The consensus among both teacher and scientist alike was that the workshop design was an excellent experience but that the fragile nature of the salt marsh ecosystem precluded bringing large numbers of school-aged children to the island and the research sites within the LTER. It was concluded that the educational outreach of this schoolyard program ought to be designed around having educators use such a research experience as this to design and conduct parallel experiments within their educational setting.

With the advantage of the distance learning network in Georgia, the well designed web support of the GCE-LTER and with corroborating conference calls to the scientists, the ability of the educators to use the research as critically needed local examples of math/science application is seen to be immeasurable. Ultimately, the participating educators saw the research as a chance to meet the mandated standards of content and application with a "local" flavor they feel will increase their students' interest - and their own. The researchers, on the other hand, were amazed and impressed with the knowledge and abilities of the teachers. Quickly realizing that the quality of their future research assistants is dependent upon the quality of these teachers' emphasis on coastal ecology, a union of goals and ambitions occurred.
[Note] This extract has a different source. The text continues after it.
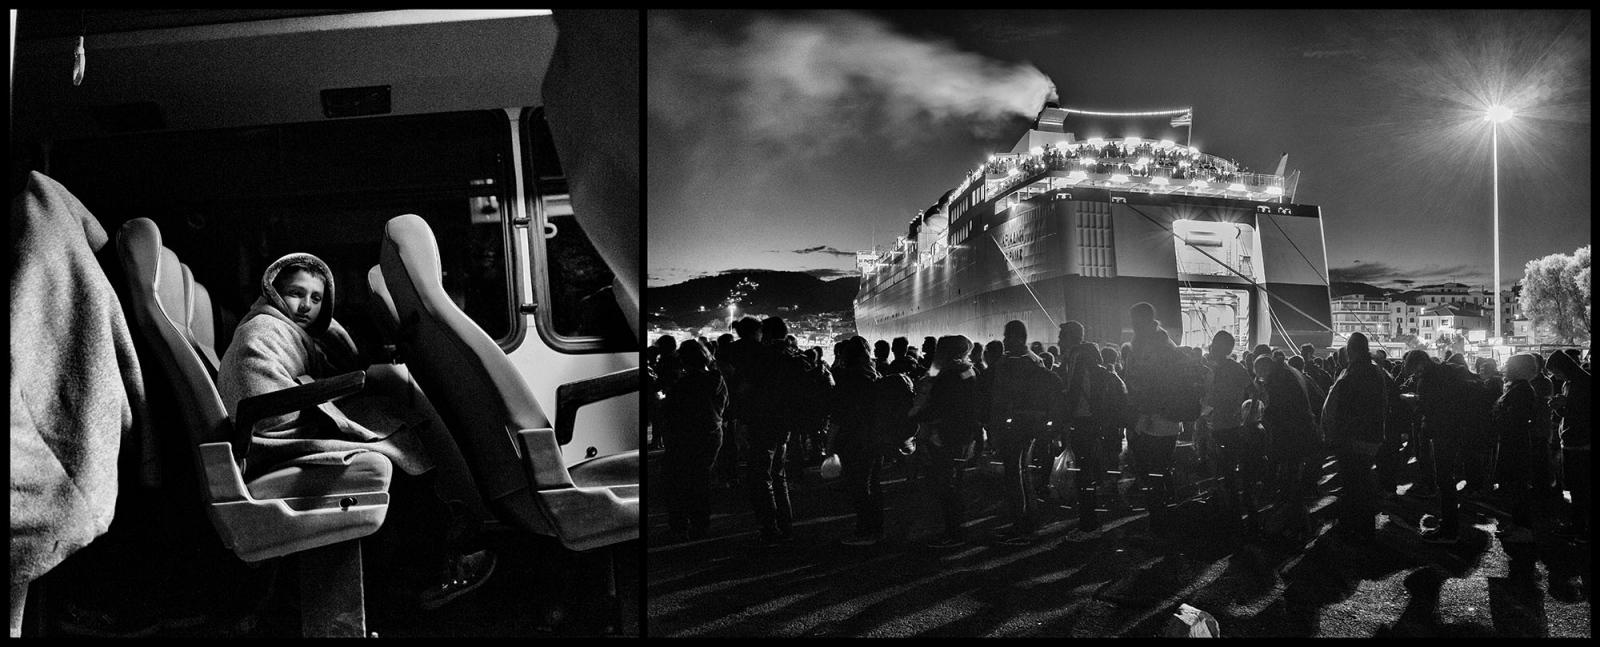 Art and Documentary Photography - Loading Nikos_Pilos_Stern_Goethe_institute_011.jpg

Finally, we leave you with a vision of a current "research project." The third grade teacher who claimed that the grasshopper study would be the basis of her new fall science curriculum, and who said that it would be so easy to do the "same" experiments is using her new knowledge and the web pages associated with the LTER. She is now having her students download data from the grasshopper project and compare that to their own data as they, too, swipe their little nets through the air in hopes of collecting just the right kind of grasshopper. Watch out Dr. Pennings.... Your next graduate assistants are being made in a small elementary classroom in the middle of "nowhere" in Georgia!